A University of Minnesota professor has developed an online tool that allows her peers a chance to check their syllabi to see if the authors of assigned readings are balanced by gender and race.
Professors can upload their syllabi to the Gender Balance Assessment Tool website to receive an approximate percentage of authors who are women, as well as an approximate breakdown of authors’ races, such as Asian, Black, Hispanic and white.
“Women are cited less often than men, and are also underrepresented in syllabi. Yet even well-meaning scholars may find that they have difficulty assessing how gender-balanced their bibliographies and syllabi really are,” the website states. “Counting is tedious and prone to human error, and scholars may not know the gender identities of all the authors they cite. This tool aims to help with that, by automating the process of evaluating the (probabilistic) gender of each name and then providing an estimate of what percentage of the authors on a syllabus are women.”
Its creator, Jane Sumner, is an assistant professor of political science at the University of Minnesota. She said she created the tool because she noticed too often in academia that syllabi are not diverse enough regarding the gender and race of authors of listed readings and she hopes professors will use her website to help diversify their syllabi.
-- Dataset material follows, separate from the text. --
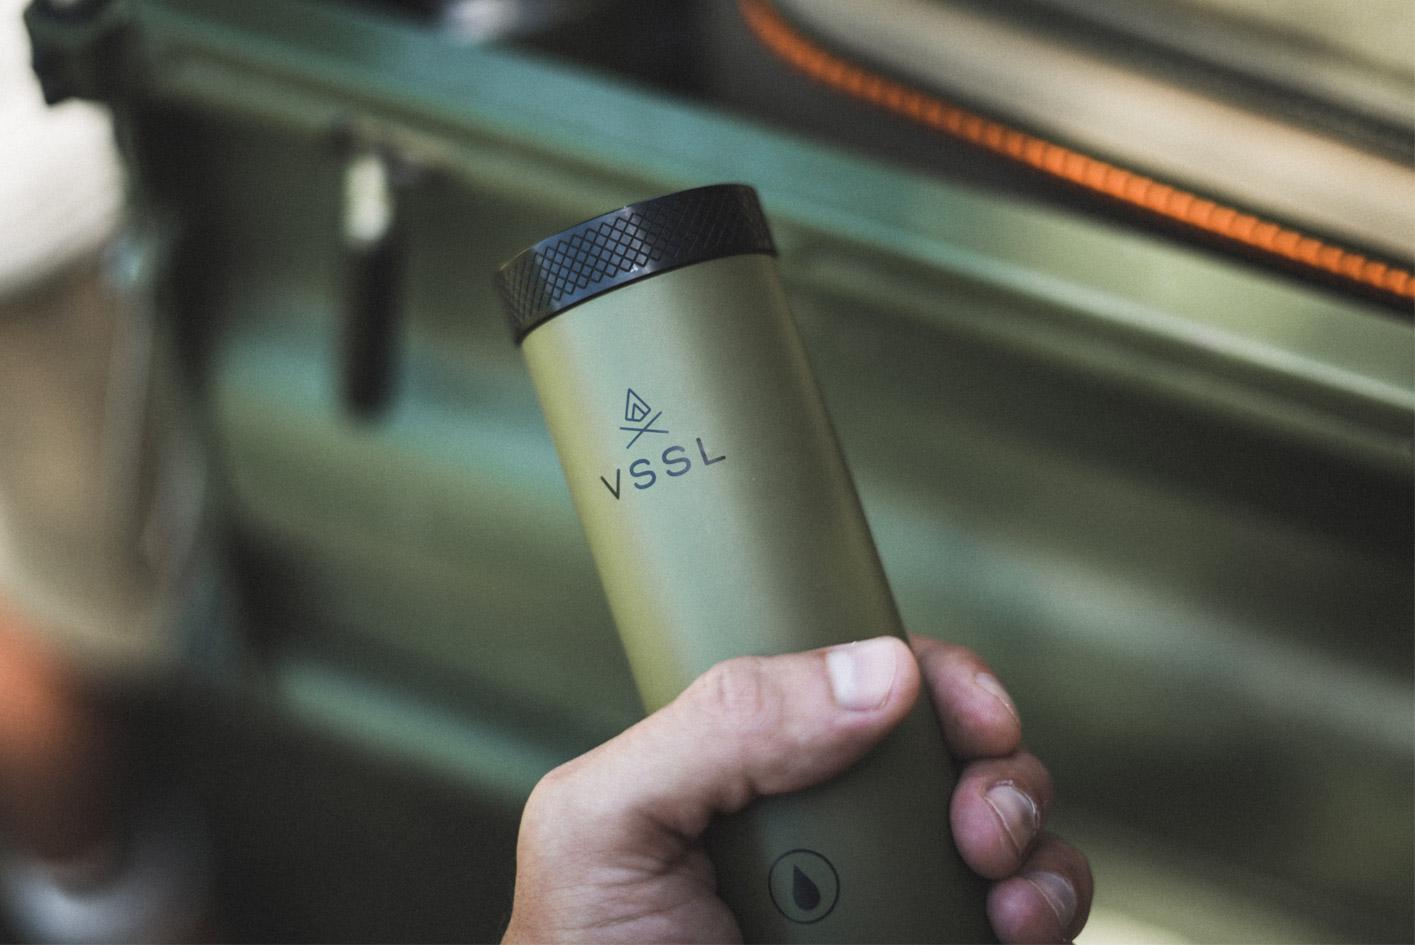 VSSL Flask on Modern Huntsman

“The basic idea is that a lot of people were interested in the idea of having syllabuses that were more diverse in terms of who the authors were,” Sumner told the Minnesota Daily.
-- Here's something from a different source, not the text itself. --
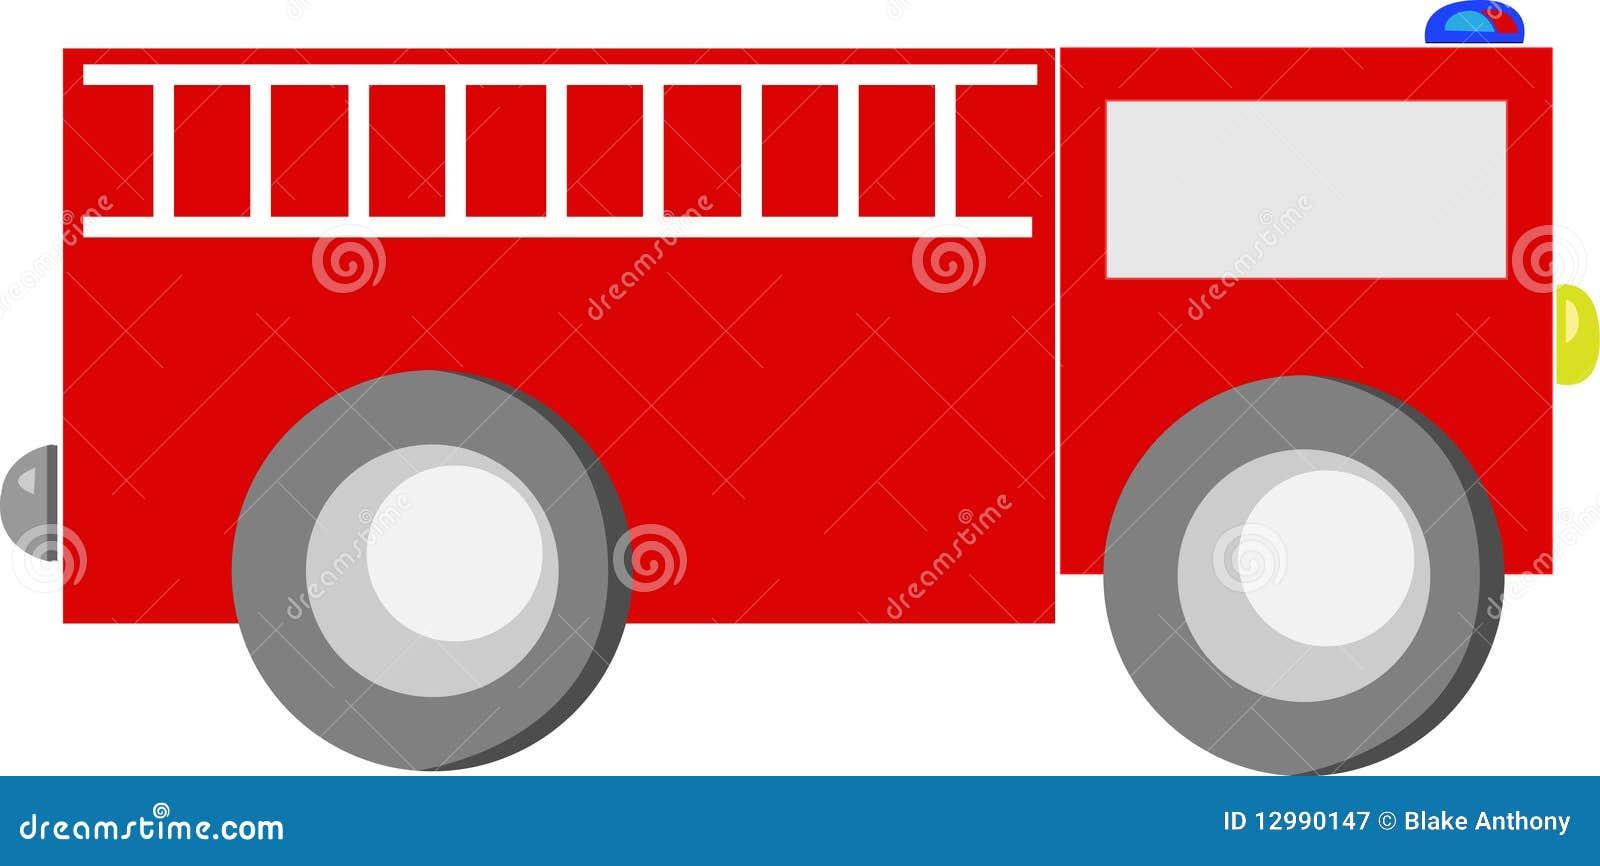 Fire Engine Red Cartoon Truck

Neither Sumner nor the University of Minnesota responded to The College Fix’s requests for comment.
Sumner told the Daily she began to think about the diversity of authors in graduate school when she noticed that white males authored most of the material in her classes.
The Gender Balance Assessment Tool does not actually know the gender nor race of authors when syllabi are uploaded by professors, rather it simply assumes one’s gender and race based on their name only, according to the website. It adds that it does not work well with those who identify as non-binary.
“Because this algorithm works by assigning a probability distribution to binary genders based on names, this tool does not function well to accommodate non-binary gender identities,” the site states.
The racial prediction side of the tool also makes educated guesses, and it encourages the user to exercise caution with the percentages it gives. This is because they can be largely inaccurate as the site does not actually know the author, and uses a racial prediction based on surnames.
“Resultant prediction are the average of the racial predictions for all surnames that can be predicted. I encourage caution in interpreting the racial balance numbers, as these are both less accurate and less precise than the gender balance estimates,” the website states.